Oh, yeah? Again, science tells us that,
The evidence is overwhelming for the fact that a gun in the home is a risk factor for completed suicide…
The gun—the gun—is a risk factor. And the bullets that go in the gun. There’s no doubt in my mind that Kathy Moretti would be alive today had there not been a gun in her unsuspecting and subsequently heartbroken brother’s home in November of 1982. And by now, she may have had kids, even grandkids, if it were just slightly more difficult for someone to get bullets for guns they don’t own. Who knows?
But what we do know is that handguns, despite what the shills for gun manufacturers tell us, don’t really make most of us safer. Oh, they give us the illusion of safety, that’s for sure. They allow us to fantasize that should someone enter our home with evil intent, we are ready to protect ourselves, ready for a fight. That fantasy is comforting, which is why so many people are willing to keep a handgun at the ready.
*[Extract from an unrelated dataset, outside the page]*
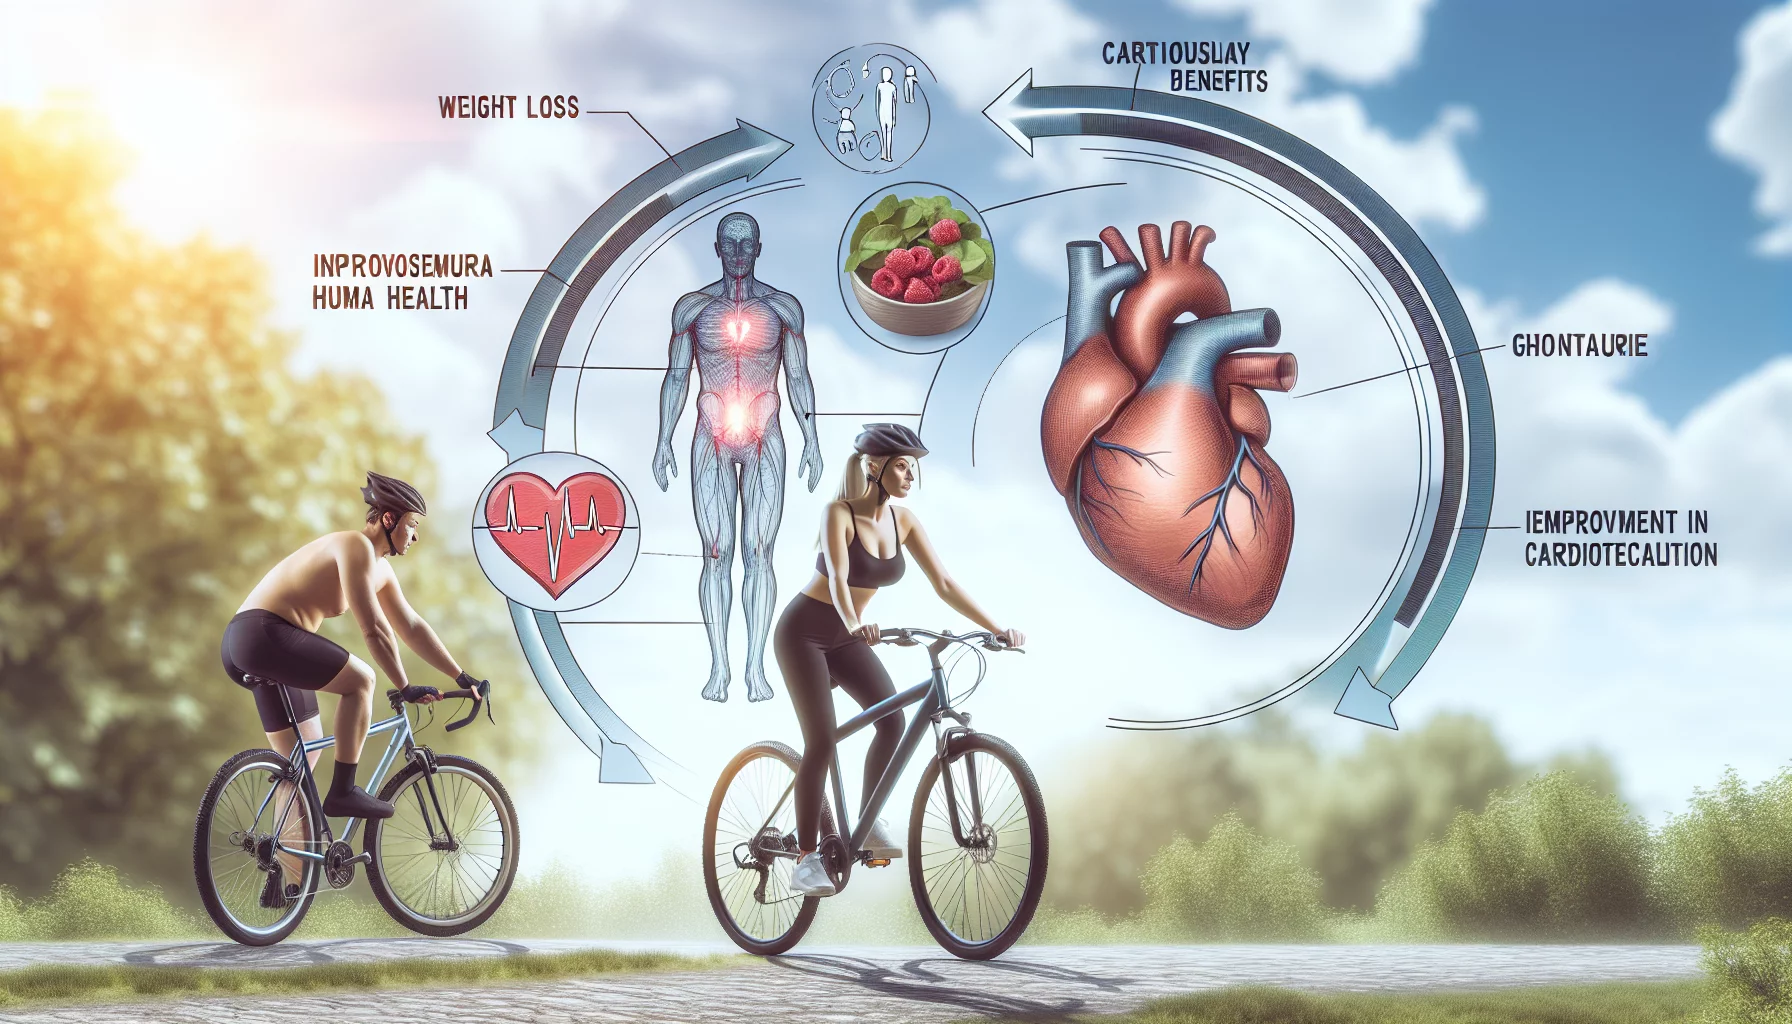 Cyclisme : pourquoi c'est un excellent choix pour perdre du poids et améliorer la santé cardiovasculaire

The truth, though, is that we can actually measure the relative safeness of guns in the home, particularly for those going through tough emotional times. From the study I have been referencing:
From 2003 to 2007, an average of 46 Americans committed suicide with guns each day. This includes 2 teenagers (aged 15–19) and 3.5 young adults (aged 20–24) per day. Even though suicide attempts with guns are infrequent, more Americans kill themselves with guns than with all other methods combined. That is because among methods commonly used in suicide attempts, firearms are the most lethal.
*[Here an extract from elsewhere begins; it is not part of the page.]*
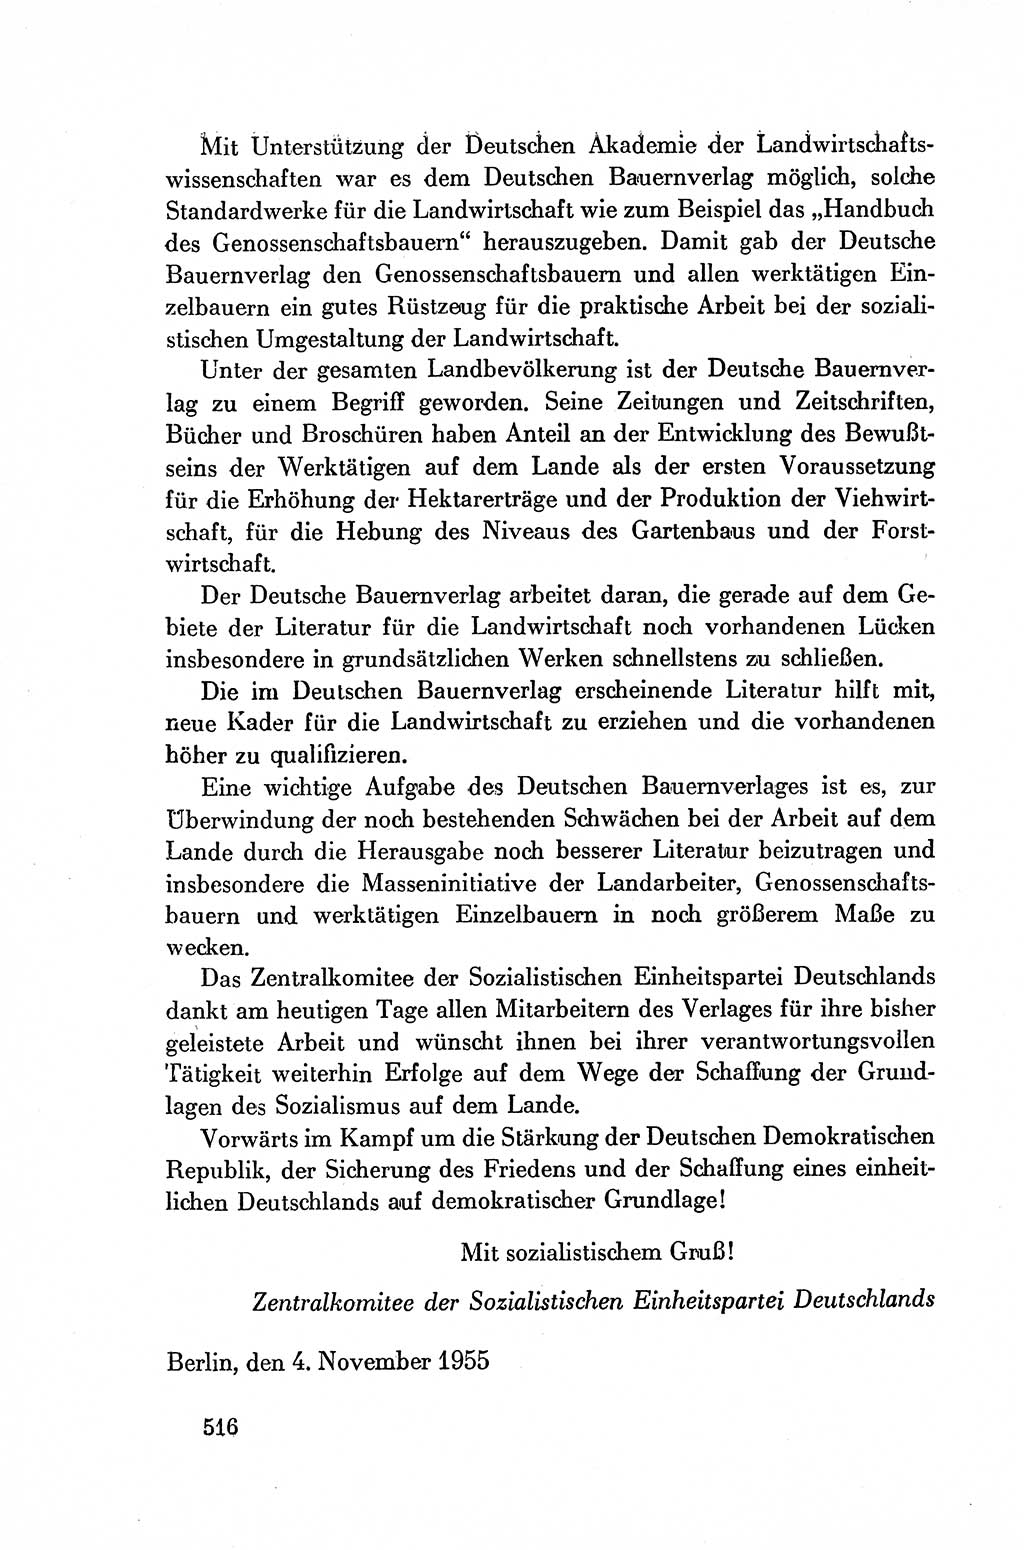 Dokumente der Sozialistischen Einheitspartei Deutschlands (SED) [Deutsche Demokratische Republik (DDR)] 1954-1955, Seite 516 (Dok. SED DDR 1954-1955, S. 516)

“Firearms are the most lethal.” Most lethal. Most lethal. The coroner said Kathy Moretti “died in less than five minutes.” That is most lethal.
And for what? Why did she choose to die? Why did she make such a lamentable and irrevocable decision at 22 years old? I don’t know. Nobody knows. As I said, she suffered from what I believed then and believe more strongly now was only “temporary misery,” something bound to pass. From the study:
Many suicides appear to be impulsive acts. Individuals who take their own lives often do so when confronting a severe but temporary crisis. In a study of self-inflicted gunshot wounds, which would have been fatal without emergency treatment, none of the 30 attempters had written a suicide note, and more than half reported having suicidal thoughts for less than 24 hours. In 2 years of follow-up, none of the 30 attempted suicide again. Other studies that have followed survivors of serious suicide attempts find that fewer than 10% typically go on to kill themselves.
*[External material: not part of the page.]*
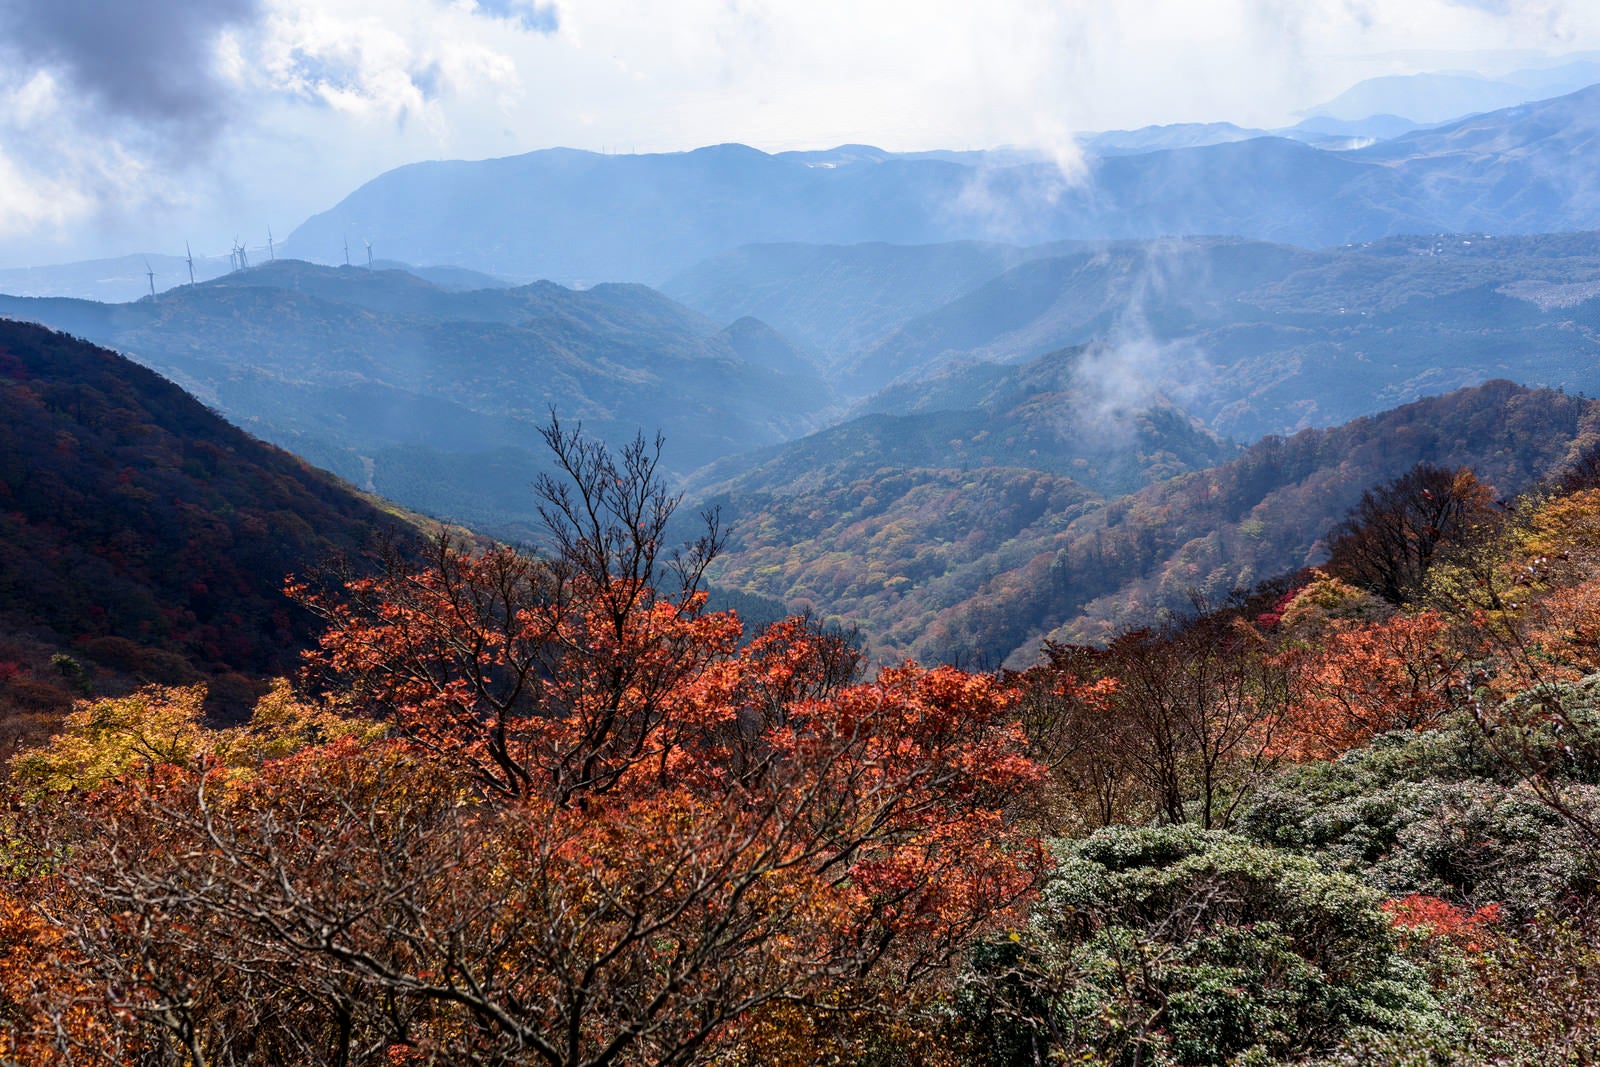 「天城山稜線から見る伊豆の山々」の写真

Suicidal individuals are often ambivalent about killing themselves. One expert estimates that no more than 10% to 15% of these individuals display an unbreakable determination to kill themselves. For the rest, the risk period is transient. Reducing the availability of commonly used and lethal instruments during this period can prevent suicide. Psychiatric and penal institutions have long recognized the importance of restricting access to lethal means of suicide for newly admitted and potentially suicidal inmates.
I don’t expect that any Second Amendment zealot, who might take the time to read the story of Kathy Moretti, will have an epiphany. I don’t expect them to suddenly recognize as legitimate the other side of the gun argument, a side that always swims against the tide of opinion ginned up by gun-industry money, that argues for gun sanity in an America awash in guns, an America ever more dangerous. especially for people “confronting a severe but temporary” personal crisis.
No, I don’t expect that. I just wish that we, civilized Americans living in the twenty-first century, would at least realize that as we militarize our schools and our homes, as we pretend that our children are more secure with an armed sentry in the classroom and that we are safer with a pistol under the pillow, that in too many cases we are endangering the most vulnerable among us.
May Kathy Moretti continue to rest in peace.